Cover of an old book titled Tenants of Old Farms. Text is gilt; illustration shows spider web and insects. 1886. I am very fond of old natural history books, particularly those published prior to about 1910. They are usually charmingly written, often perspicacious in their discussions of science, and almost always beautifully printed and illustrated.

Tenants of an Old Farm: Leaves from the Note-book of a Naturalist (which I bought for $20 at last year’s Trinity College Book Sale) is a splendid example of this type of book. Originally published in 1884 (my copy the Third Edition of 1886), it was written by Henry C. McCook (1837-1911), a noted American naturalist and (Presbyterian) clergyman. McCook was, among many other things, an expert on ants and spiders. He published eight books on insects and nearly a dozen on theology—a particularly interesting confluence in the wake of Charles Darwin’s work on natural selection.

And indeed, evolution—and Darwin himself—are referenced in Tenants of an Old Farm. In a chapter on burrowing insects, the narrator (McCook himself, the reader presumes) probes into a farm visitor’s views on evolution , hoping to spur an argument:

“Perhaps, I suggested, thinking to draw the Doctor’s theological fire, “The insect is a far-away ancestor of the vertebrate? At least, an evolutionist might have no difficulty in accounting for such resemblances by some application of this theory.”

The Doctor surprises the narrator by supporting the proposition:

The Doctor glanced slily at me, smiled, and answered: “Ah! you shall not disturb my equanimity so. Evolution is no theological bête noir to me. Not that I believe it all; on the contrary, I think it is yet an unproved hypothesis. But, considered as a method of creation simply, I am willing to leave it wholly in the hands of the naturalists and philosophers. Of course, that materialistic view of evolution, which dispenses with a Divine Creator as the First Cause of all things, has no place in my thought. That is not for a moment to be tolerated; but, as for the rest, why should Christian people disturb themselves? Science has not yet said her last word, by any means, and we can well afford to wait.”

In this way, McCook introduces and quells the theological argument against evolution while deftly modeling the method of science: weighing theories in light of the available evidence and remaining open to new explanations.

Later, in a chapter titled ‘The History of a Bumble-Bee,’ the narrator directly references “the late Mr. Darwin [and] his book on the “Origin of Species” in a discussion of co-evolved relationships among living things:

We may infer, he says, as highly probable, that were the entire genus of bumble-bees to become extinct or very rare in England, the heart’s-ease and red clover (which they fertilize by carrying pollen from flower to flower), would become very rare or wholly disappear.
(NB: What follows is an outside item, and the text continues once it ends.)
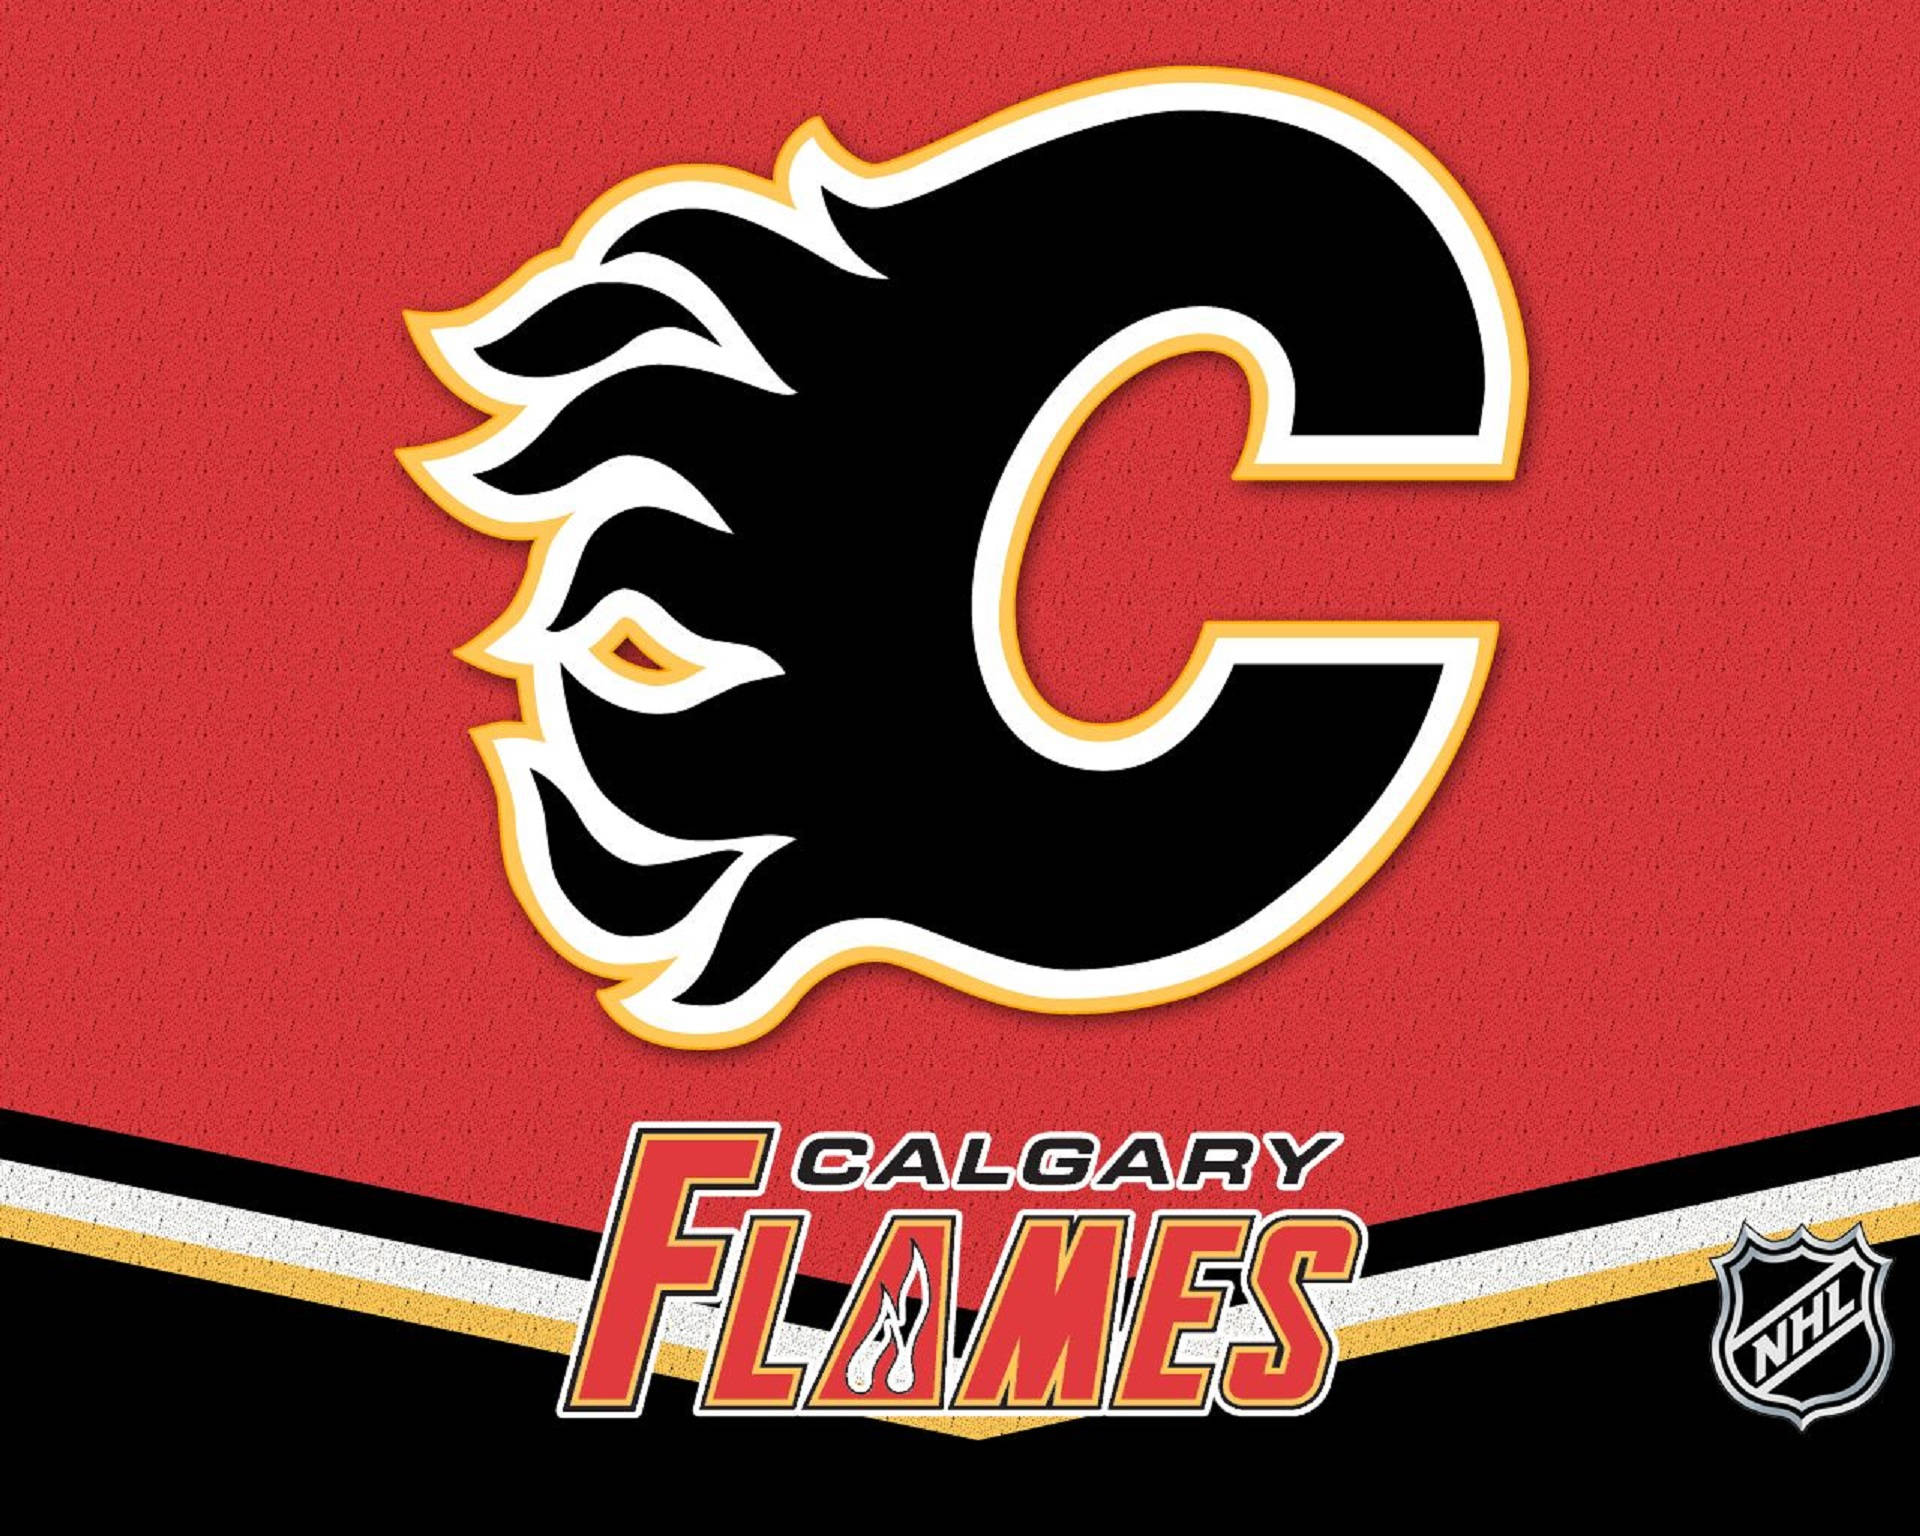 Calgary Flames Wallpapers - Top 20 Best Calgary Flames Wallpapers [ HQ ]

Given that some religious leaders remained hostile to the emerging science, viewing it as a threat to Biblical teachings, McCook’s handling of the subject comes across as nuanced and refreshingly balanced. Would that such differences could be handled nearly as deftly in this ideological age!

The book’s illustrations are detailed and often amusing. Look at these images showing the life-cycle of the cicada:

… and these highly anthropomorphic images of the hard-working bumblebee:

… plus this cross-section of ground-dwelling bumblebee nests:

… and, finally, these two somewhat perplexing images (which make perfect sense in narrative context) of “Ants Bewitching the Cows” and “The Grasshopper’s Dirge Among the Graves:”

If you are interested in McCook’s work, the Biodiversity Heritage Library has several of his books and articles available in digital format. Tenants of an Old Farm is also available at the Internet Archive.